User: "show me what edits you'd make to this recording"
-> Invokes Clean workflow with --preview flag
-> Transcribes and analyzes, shows proposed edits without modifying audio
-> User reviews edit list, then runs again to apply

Example 3: Aggressive clean with cloud polish

User: "aggressively clean this audio and polish it"
-> Invokes Clean workflow with --aggressive --polish flags
-> Tighter thresholds for filler detection
-> Cleanvoice API pass for mouth sounds and normalization

Gotchas

  • Transcription accuracy varies with audio quality. Background noise, multiple speakers, and accents reduce accuracy.
  • Cut detection is heuristic-based.

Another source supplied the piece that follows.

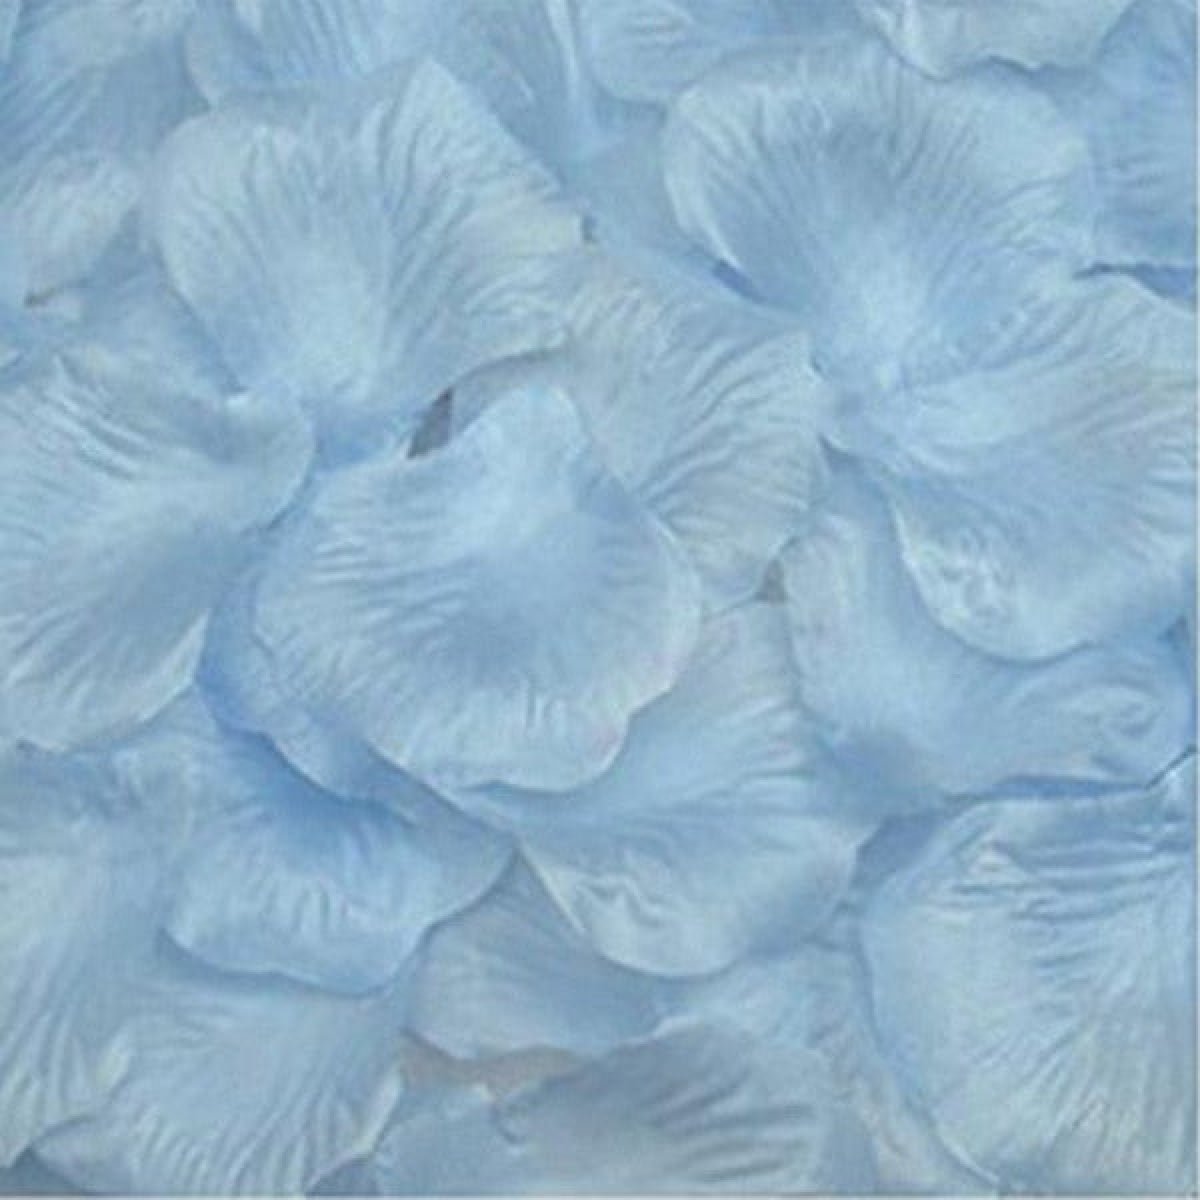 500pcs Rose Petals Flower Artificial Flowers Table Confetti Home Wedding Decorations - Light Blue - - Asia Sell

Always preview edits before committing — automated cuts can remove intentional pauses.
  • Cloud polish uploads audio to external service. Confirm the user is okay with cloud processing for sensitive content.

Execution Log

After completing any workflow, append a single JSONL entry:

echo '{"ts":"'$(date -u +%Y-%m-%dT%H:%M:%SZ)'","skill":"AudioEditor","workflow":"WORKFLOW_USED","input":"8_WORD_SUMMARY","status":"ok|error","duration_s":SECONDS}' >> ~/.claude/PAI/MEMORY/SKILLS/execution.jsonl

Replace WORKFLOW_USED with the workflow executed, 8_WORD_SUMMARY with a brief input description, and SECONDS with approximate wall-clock time. Log status: "error" if the workflow failed.